Better management of the condition could reduce the risk of stroke, heart attack and premature death, experts say.

The international team, including experts from the University of Edinburgh’s Centre for Cardiovascular Science, ran the early stage clinical trials across four UK sites.

Patients who received zilebesiran experienced a substantial reduction in systolic blood pressure – the force with which the heart pushes blood out and round the body – which lasted up to six months.

On average, systolic blood pressure lowered by over 10 mmHg at a 200mg dose or more of the drug, and more than 20 mmHg at the highest dose of 800mg. A drop of this size can take someone with high blood pressure to within a much safer range.

Blood pressure naturally goes up and down throughout the course of the day, making it difficult to treat.

The study found that the drop in blood pressure seen in patients who were treated with zilebesiran was consistent over 24 hours.

Developed by US-based company Alnylam, zilebesiran works by preventing the production of angiotensin – a hormone in the body that narrows blood vessels, leading to raised blood pressure. A number of existing drugs used to treat hypertension also target angiotensin.

Zilebesiran uses a novel approach to interfere with the machinery in the liver that makes the protein angiotensinogen, the source of all forms of angiotensin.

Known as small interfering RNA (siRNA), zilebesiran turns off the gene responsible for producing angiotensinogen, preventing it from being made.

The siRNA approach has already been used to develop treatments for a number of other conditions, with the ability to silence specific genes with high accuracy and effects lasting many months.

107 patients with hypertension took part in the trial – 80 received a single injection of zilebesiran under the skin, while 32 received a placebo containing no active ingredients.
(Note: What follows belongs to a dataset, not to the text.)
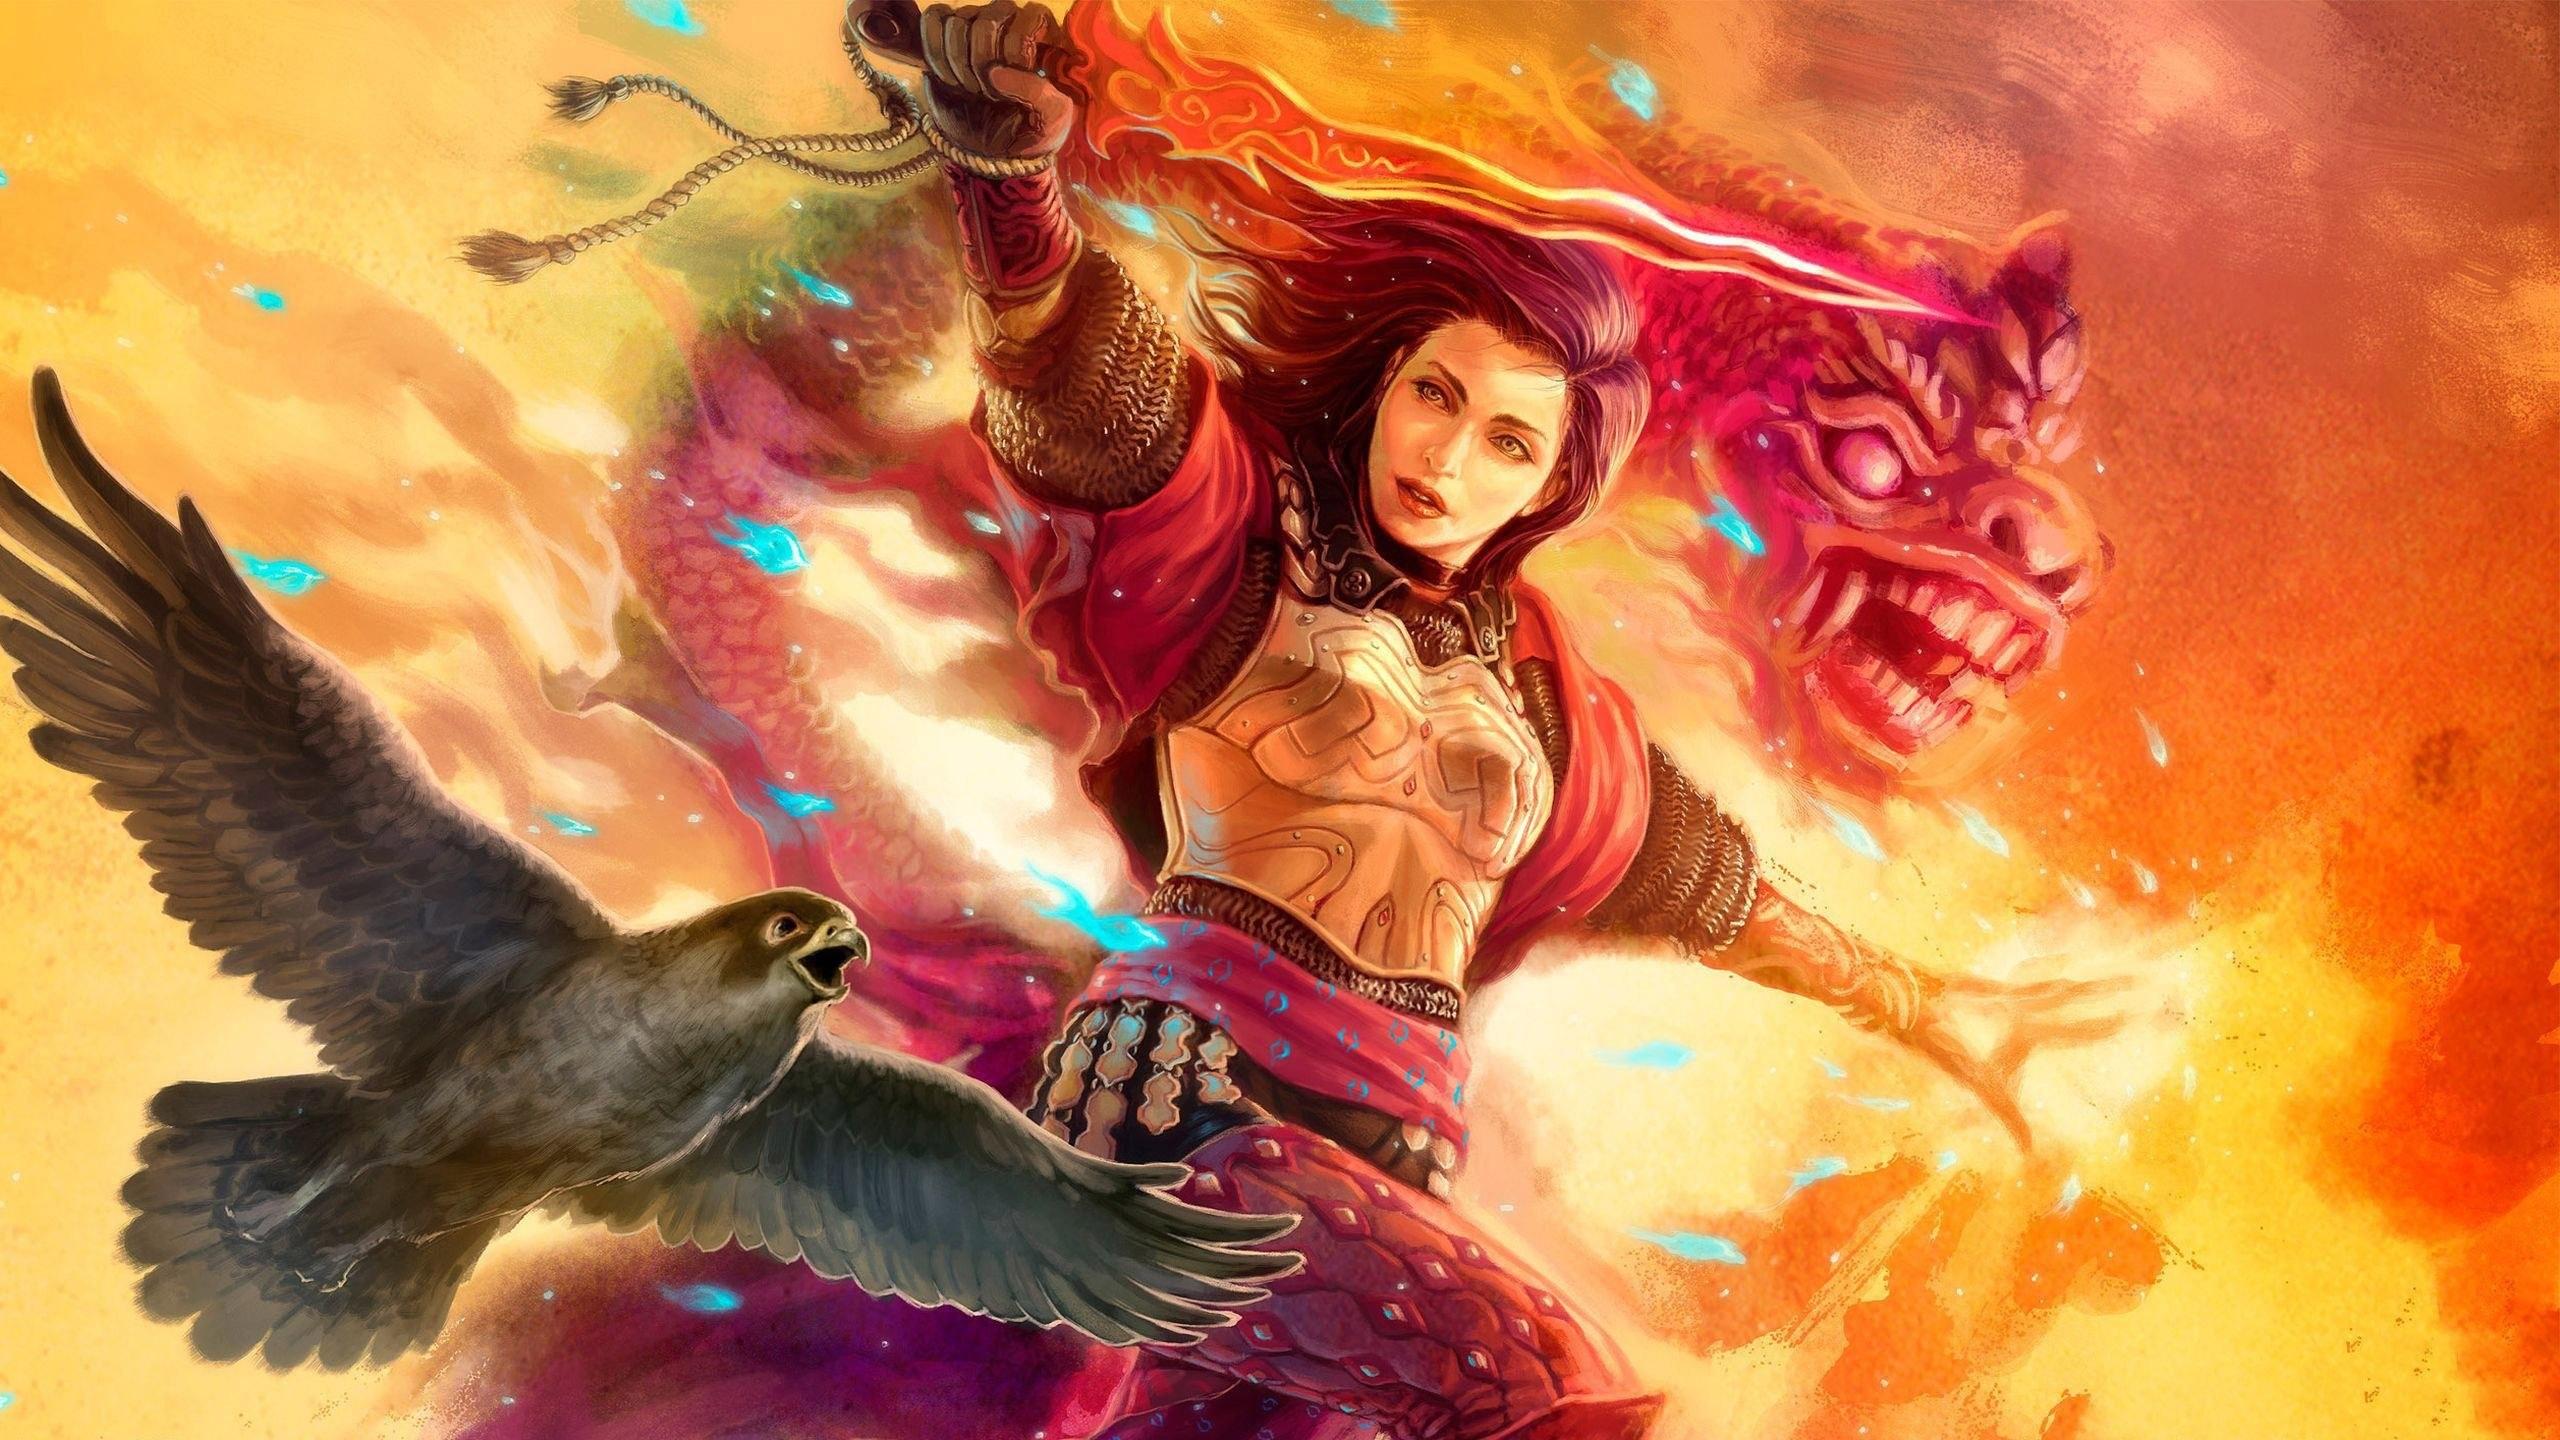 Woman fantasy animal warrior with falcon magic dragon wallpaper      990595   WallpaperUP

Five patients who initially received the placebo were later moved to zilebesiran.

Experts caution that further studies involving a larger number of patients are needed to robustly investigate the safety of the drug and provide further insights into its potential to improve clinical outcomes in people with hypertension.
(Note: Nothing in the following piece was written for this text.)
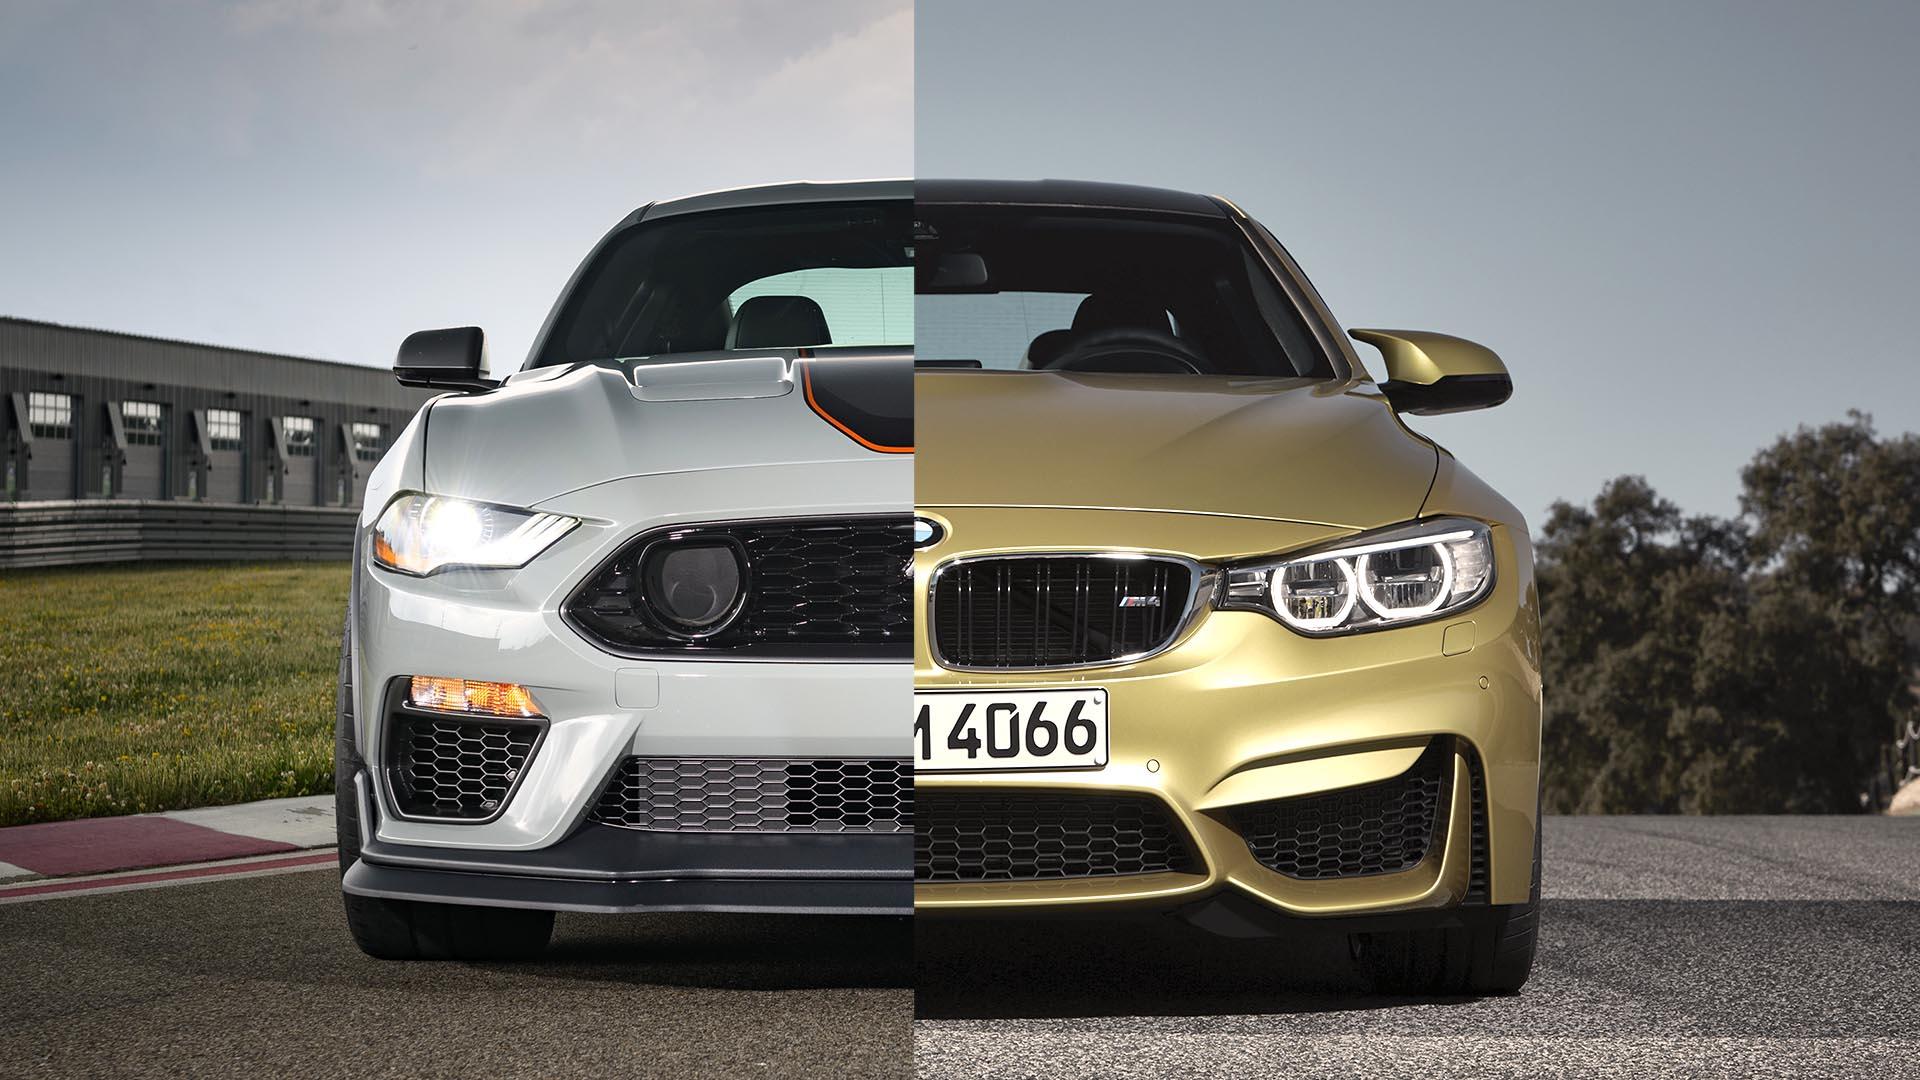 Doppelgängers - European Cars & Their American Counterparts

Professor David Webb, Christison Chair of Therapeutics and Clinical Pharmacology at the University of Edinburgh, who led the Edinburgh study site said: ” This is a potentially major development in hypertension. There has not been a new class of drug licensed for the treatment of high blood pressure in the last 17 years. This novel approach leads to a substantial reduction in blood pressure, both by day and night, that lasts for around six months after a single injection. This is attractive because it helps avoid the difficulty with adherence to treatment seen with current medicines. The next stage of clinical trials will focus on developing robust safety data, and broader evidence of efficacy, before zilebesiran can be licensed for use.”